Length of disability is influenced by the severity and length of time the infection is present. If the infection occurs on the feet or hands or if skin erosion has occurred, disability may extend until the skin heals, sometimes several weeks. Individuals with HIV/AIDS or other immune system disorders may have increased duration of infection.

Medical Codes

ICD-9-CM:
110.0 - Dermatophytosis, Scalp and Beard; Kerion; Sycosis, Mycotic; Trichophytic Tinea, Scalp
110.1 - Dermatophytosis, Nail; Dermatophytic Onychia; Onychomycosis; Tinea Unguium
110.2 - Dermatophytosis, Hand; Tinea Manuum
110.3 - Dermatophytosis, Groin and Perianal Area; Dhobie Itch; Eczema Marginatum; Tinea Cruris
110.4 - Dermatophytosis, Foot; Athletes Foot; Tinea Pedis
110.5 - Dermatophytosis, Body; Herpes Circinatus; Tinea Imbricata
110.6 - Dermatophytosis, Deep Seated; Granuloma Trichophyticum; Majocchis Granuloma
110.8 - Dermatophytosis, Specified Sites
110.9 - Dermatophytosis, Unspecified Site; Favus NOS; Microsporic Tinea NOS; Ringworm NOS
111.8 - Dermatomycosis, Other Specified
111.9 - Dermatomycosis, Unspecified

Diagnosis

History: The individual has a history of a red, slightly raised, scaly, rash with an elevated border that is circular in some cases.
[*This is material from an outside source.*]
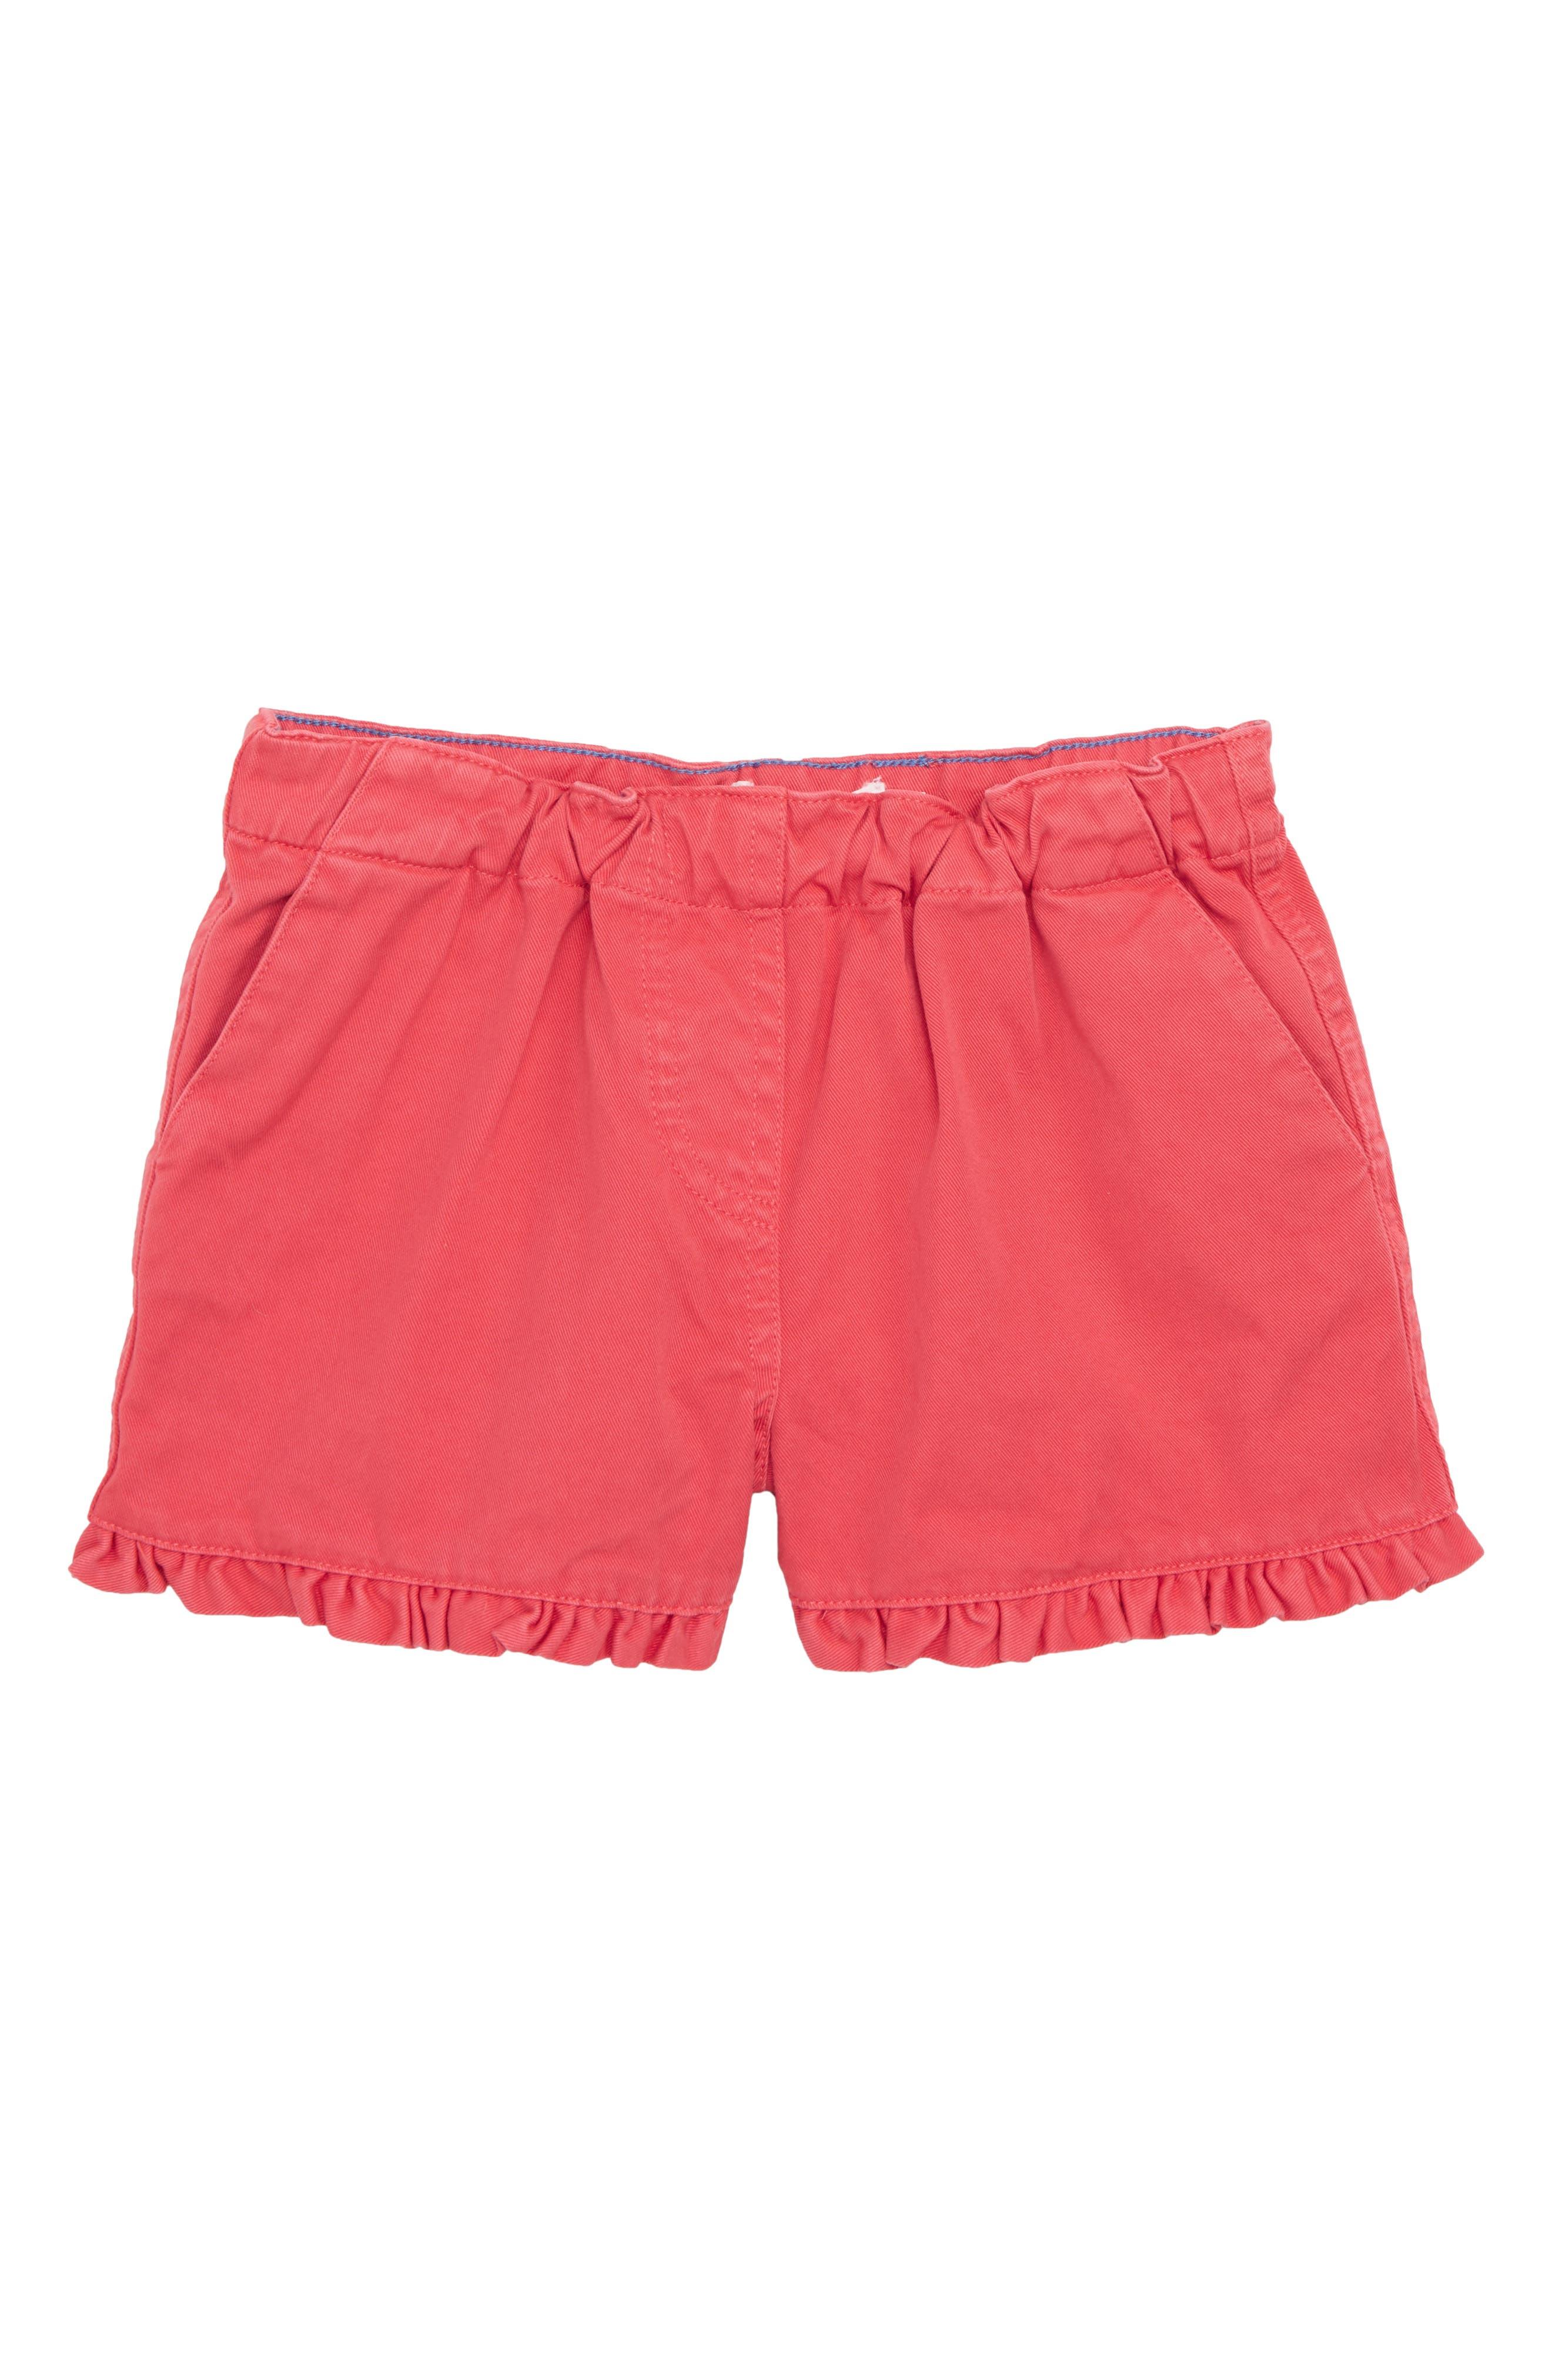 Frill Detail Shorts,                         Main,                         color, Strawberry Split Pin

The most common location is between the toes, especially for males (athlete's foot). Rash may also be reported in the beard area; the groin, excluding the scrotum or penis (jock itch); under the fingernails or toenails; and on the trunk and shoulders. The rash can be extremely itchy. Individuals with tinea capitis report hair loss.

Physical exam: The exam reveals the scaly characteristic rash on one or more parts of the body including the scalp, groin, nails, feet, hands, general body skin, and the skin under the beard. As the fungus grows outward, the central area heals and can leave a red ring where the infection is active. Tinea versicolor appears scaly and bumpy and can make dark skin appear lighter or light skin appear brownish in color.

On the skin, the patches grow to about one inch in diameter. Under a beard, an itchy scaly rash may develop. Infections of the groin often show concentric rings. On the feet, dry scaling is apparent. Cracking of the skin between the toes and on the arch of the foot may develop. Nails of the toes or fingers may become red, swollen, and painful. A nonspecific dermatitis may develop at other sites on the hands or feet. Tinea versicolor appears in scaly brownish or white patches. Uncommonly, tinea skin rashes may blister, break open, ooze, and become crusty.

Tests: Diagnosis is primarily based on the appearance of the skin. Identification of the yeast in microscopic examination of skin scrapings using potassium hydroxide (KOH) confirms the diagnosis. Tinea capitis is sometimes diagnosed using ultraviolet (UV) light; the infected hairs fluoresce when exposed to UV wavelengths.

Fungal cultures are not routinely performed unless the diagnosis remains in question or the species identification of yeast is needed in order to choose a treatment medication.